Abstract:
A careful analysis of an image processing-based disease identification method is
required for detecting, identifying, and treating pumpkin plant disease before it causes
damage to the entire plant, Because diseases in pumpkin plants cause significant
production and economic losses, as well as a reduction in the quality and quantity of
agricultural products. Using a laboratory and naked eyes of observation, plant
pathologists can detect pumpkin disease. This may take a long time and result in a loss
of extra outflow. This paper describes an automatic method for identifying pumpkin
leaf diseases that affect the leaf part, as well as segmentation and hyper parameter value
selection techniques for identifying the two types of pumpkin leaf diseases from
normal. Different hyper parameter values are used in this paper to speed up and
improve the system's accuracy. We also used two different image noise removal
techniques, which are Median and Gabor. We perform an experiment for each of the
hyper parameter values, noise removal techniques and find the best one. Our system is
designed by incorporating four mechanisms: preprocessing (image resizing, noise
removal, and JPG conversion). We normalize the image into (256,256), (227,227),
(224,224), and (192,192) and (128,128) pixel sizes, but (224,224) produces higher
accuracy. Segmenting the region of interest from the given image by using watershed.

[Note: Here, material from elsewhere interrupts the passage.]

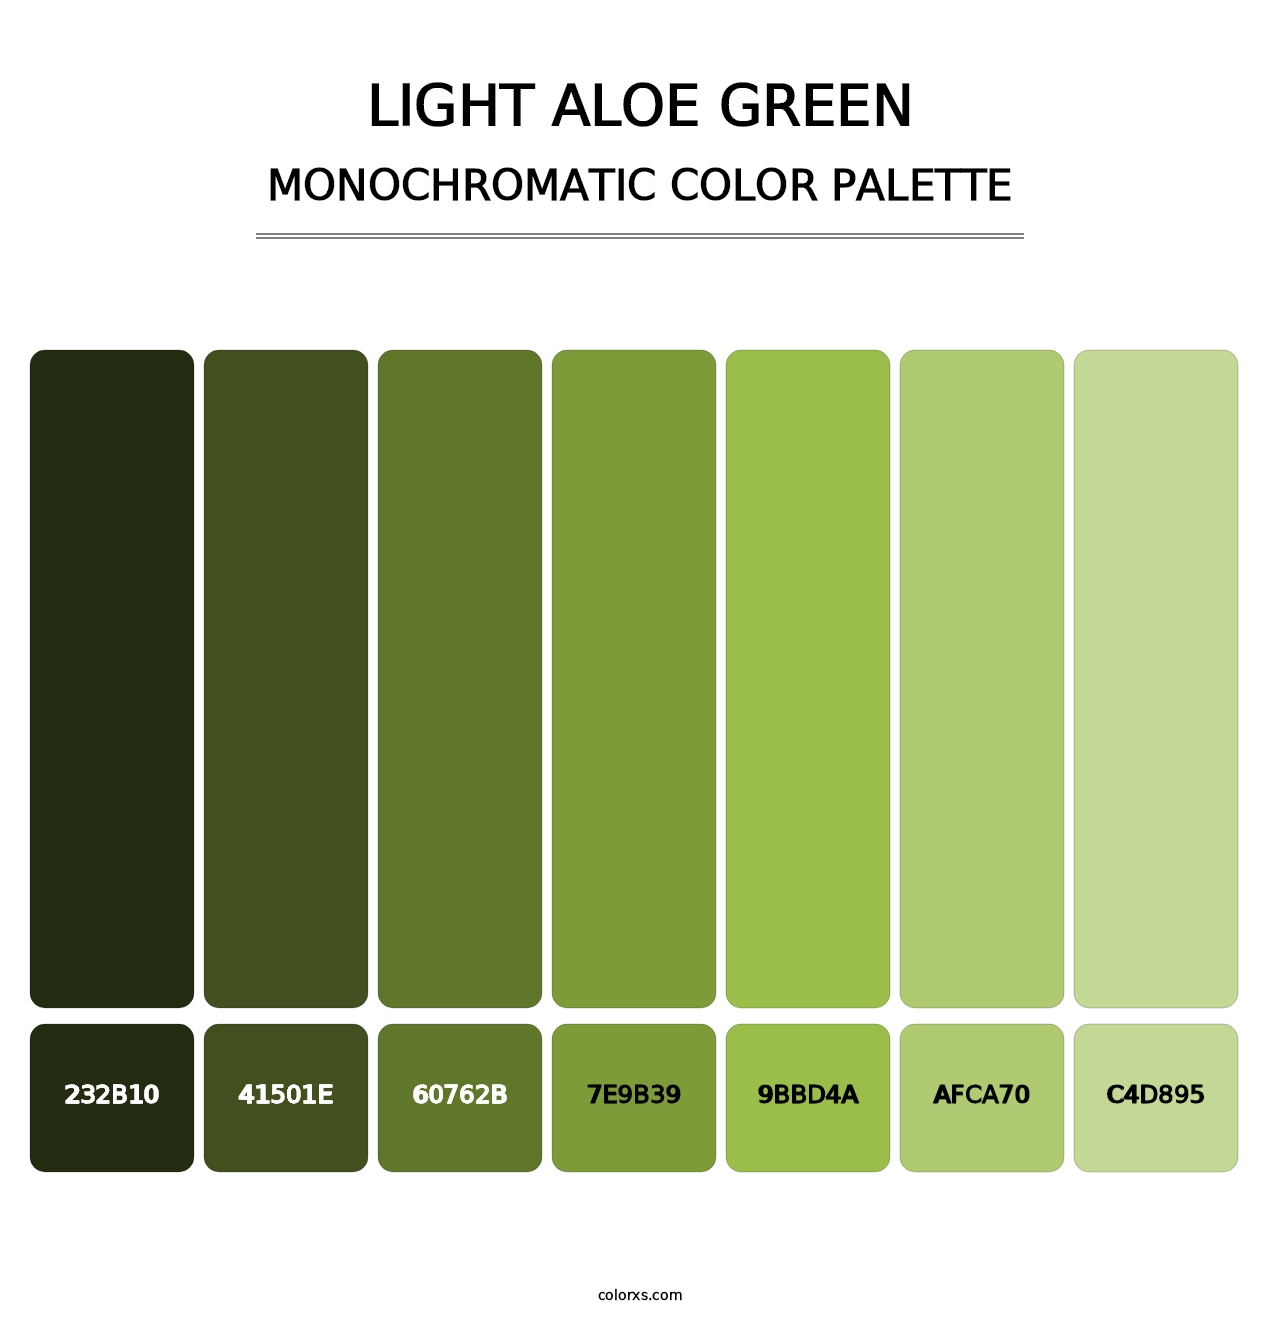 Light Aloe Green - Monochromatic Color Palette

Finally, we used deep CNN for feature extraction and a three-way SoftMax to classify
pumpkins into three categories: pumpkin powdery mildew, downy mildew, and normal
pumpkins. Hyper parameter values involved in our model are selected by comparing
and contrasting using our pumpkinNet model. The dataset was collected from the west
go jam zone, particularly the south and north of Achefer. The system was tested and
evaluated using sample images, with 80 percent of the dataset being used for training
and 20 percent for testing. Finally, the model achieved 98.2% training accuracy and
98.1% testing accuracy.
Keywords: Pumpkin disease, Convolutional Neural Network, Feature learning,
Watershed segmentation, SoftMax, hyper parameter values.